果不其然,張虔陀身死的消息傳道了唐王李隆基的耳中,一時叫他震怒,在朝堂之上直接降下口諭曰:“西南烏蠻,上領天恩而不知順應天意,殺我太守,足見其蠻人本性不改!若不伐之,我泱泱大國,天威何在?”

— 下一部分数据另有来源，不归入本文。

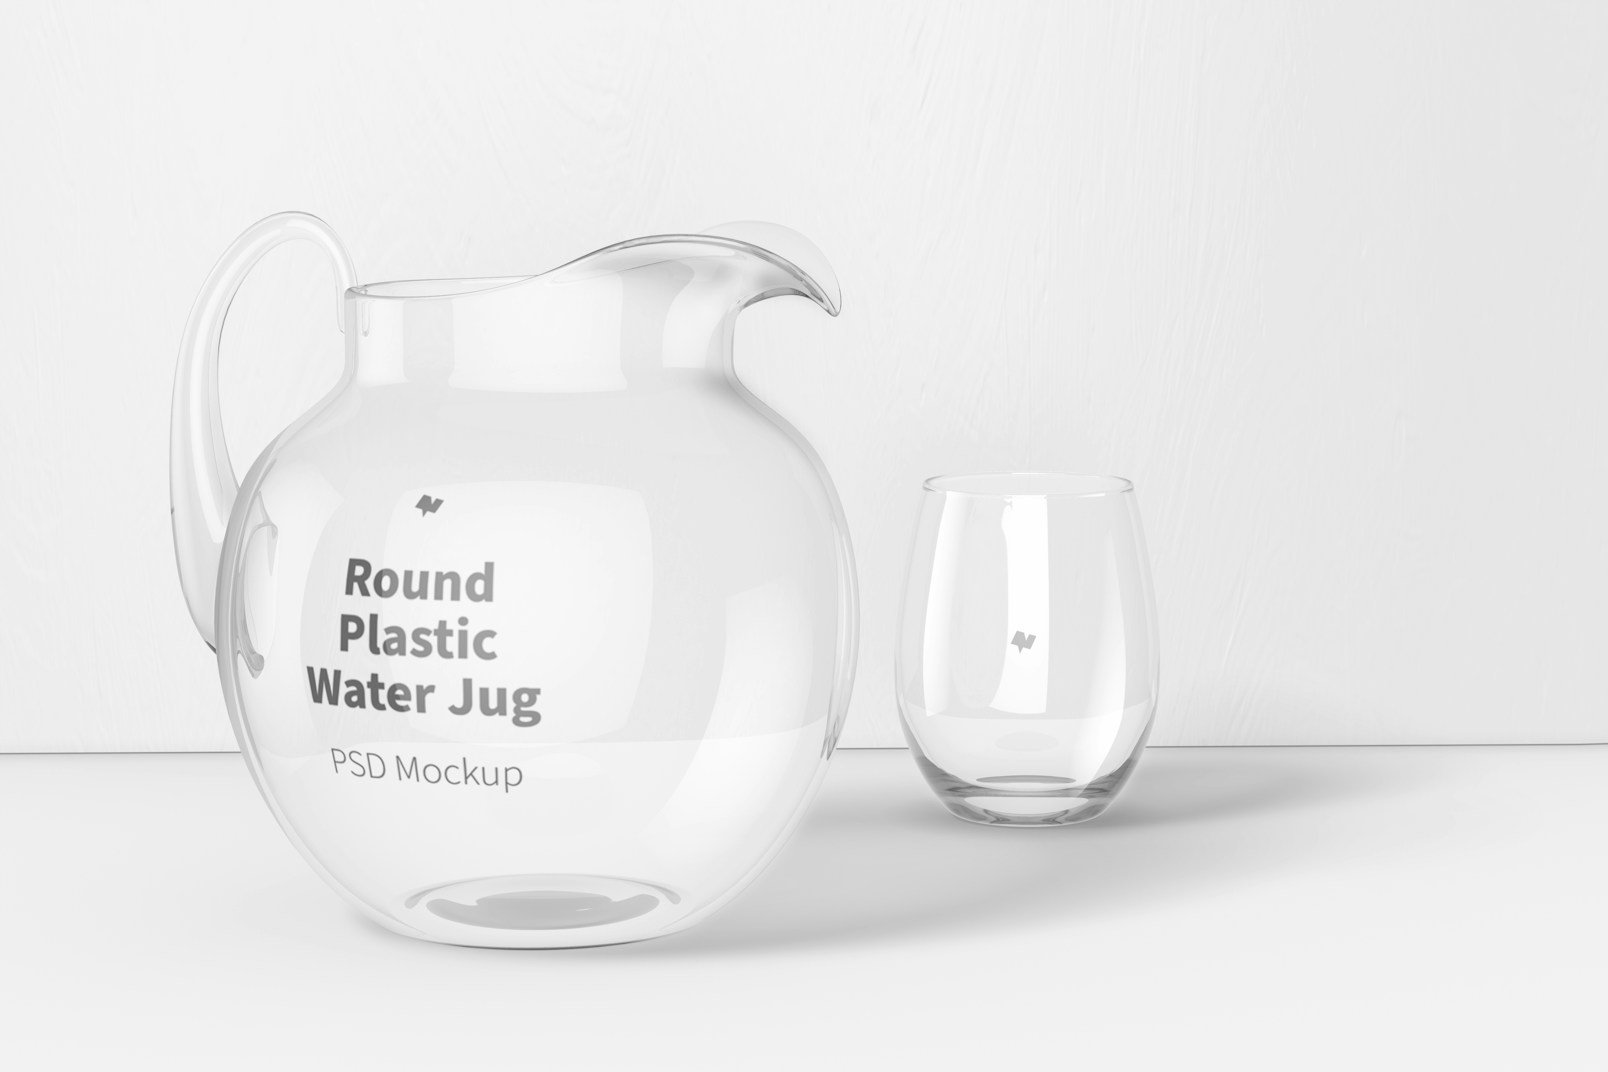 Round Plastic Water Jug with Glass Mockup

其實從理論上說,張虔陀作為李唐的太守,不應該跟閣羅鳳起了衝突才是,卻是唐設立雲南行省,與南詔國雖是接壤,卻也不是完全的相互重疊,雖然百姓都是蠻人,治理之下卻也是各有政令,不至於起了這麽大的衝突才是。隻是閣羅鳳不僅是身為南詔國主,更是西南一眾蠻夷部落的共同首領,經過了皮羅閣時代的征戰討伐之後,整個西南的蠻夷,十之七八都歸入了南詔麾下,即使身在李唐的雲南行省,暗地裏也是尊南詔國主為王。而這一點,也正是張虔陀與閣羅鳳矛盾的深層原因,卻是叫他落了一個身死魂滅的結果。
唐王當即降下詔書兵符,召集勇武兵將,著他們在劍南節度使鮮於仲通的率領之下,一同討伐南詔國,誓要將閣羅鳳拿回神都候審,卻是不能這麽容易叫他逃脫了殺戮李唐大員的罪過。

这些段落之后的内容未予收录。